Yes. I believe that QBism can in some sense consistently assert locality, as long as it expunges statements like "We are agents". In the technical sense, Bell nonlocality has to do with P(a,b|λ), where a and b are classical outcomes of measurements. If one denies that b "exists" far away, then one cannot form the Bell inequality. Now one also cannot then define locality by satisfaction of the inequality. However, one can use other definitions like the existence of a classical M4. So the solution is one agent, one classical M4, one quantum wavefunction for everything else except the agent. I think this is consistent.

Dude, I think you nailed it.

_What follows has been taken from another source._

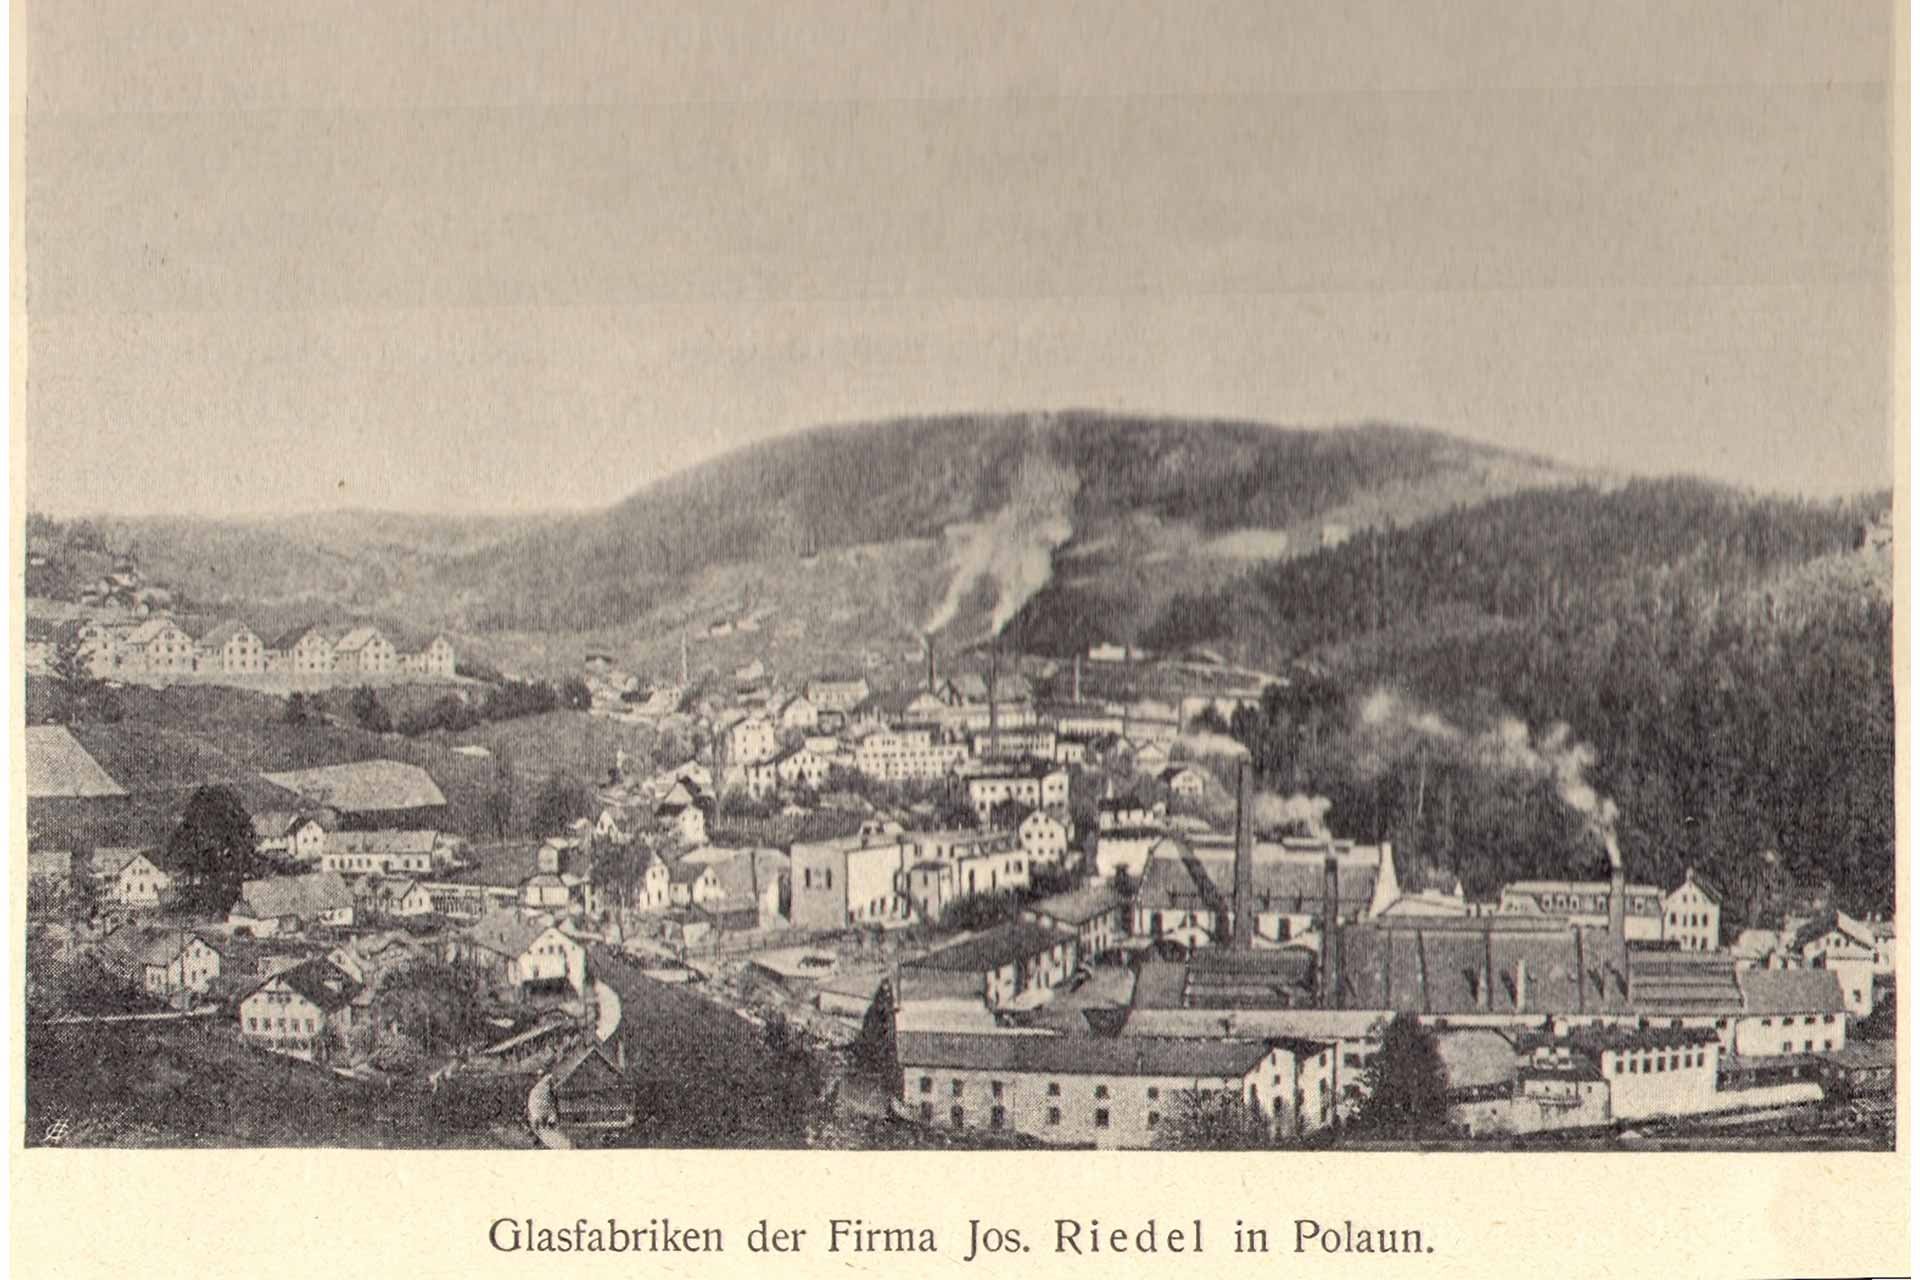 Einst stand das Werk der Familie Riedel im böhmischen Polaun (unten).

What does marcus have to say?

 

[atyy]

I assume you mean the nonlocality of Newtonian gravity. But, yes, the nonlocality of dBB is a theoretical problem, not an ontological problem, exactly in the same fashion. If I said otherwise, let me correct it now. The instrumentalists who aren't concerned with theoretical integrity would only care about dBB predictions that vary from standard QM. Again, their leit motif is "If the theory predicts what we observe, then I'm happy. Just tell me where it's applicable and how to use it."

Ah ok, that makes sense, I was confused about what you thought about the ontological status of nonlocality in dBB.

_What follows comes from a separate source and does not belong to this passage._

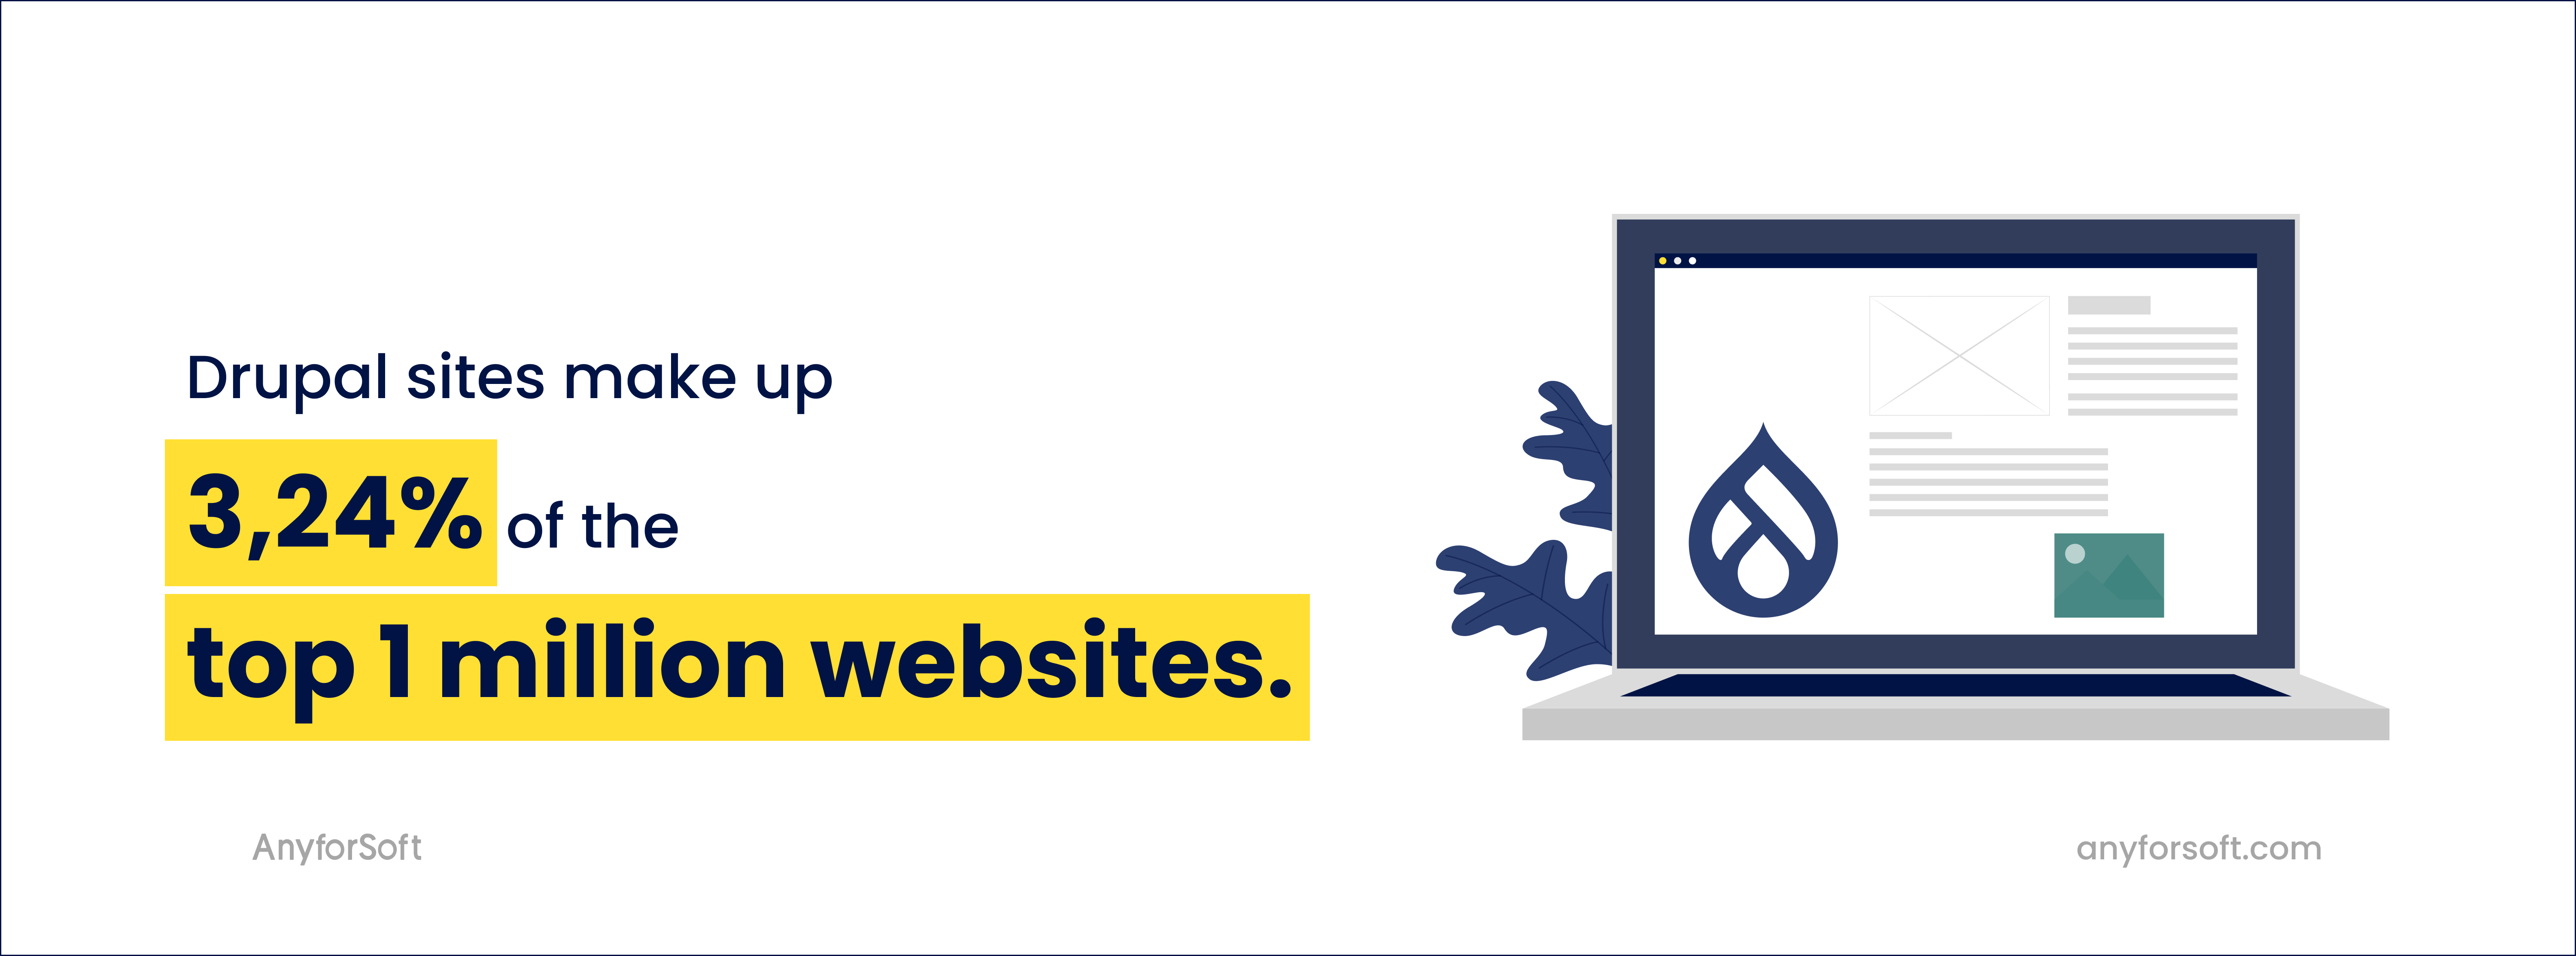 Drupal sites make up 3,24% of the top 1 million websites.

I guess the part where we might still disagree is that I consider the achievement of dBB to be the solution of the measurement problem. It is true that Bell nonlocality in the orthodox interpretation of QM is operationally defined, but it inherits that from the classical/quantum split which is within QM logically prior to the Bell nonlocality of QM. I don't think the violation of the Bell inequality requires instrumentalism, since dBB also violates Bell inequalities.

 

[atyy]

Yes. I believe that QBism can in some sense consistently assert locality, as long as it expunges statements like "We are agents". In the technical sense, Bell nonlocality has to do with P(a,b|λ), where a and b are classical outcomes of measurements. If one denies that b "exists" far away, then one cannot form the Bell inequality. Now one also cannot then define locality by satisfaction of the inequality. However, one can use other definitions like the existence of a classical M4. So the solution is one agent, one classical M4, one quantum wavefunction for everything else except the agent. I think this is consistent.

Dude, I think you nailed it. What does marcus have to say?

Well, I'm glad you agree for the moment. I should point out this was all said by Einstein many years ago. http://arxiv.org/abs/quant-ph/0509061 (section 6 on p9)

I should also say that it has been argued that Einstein preferred an epistemic interpretation of the wave function. Of course, an epistemic interpretation does not have to deny the existence of hidden variables. In fact one class of epistemic interpretations is defined using hidden variables.
http://arxiv.org/abs/0706.2661

 

[RUTA]

I guess the part where we might still disagree is that I consider the achievement of dBB to be the solution of the measurement problem.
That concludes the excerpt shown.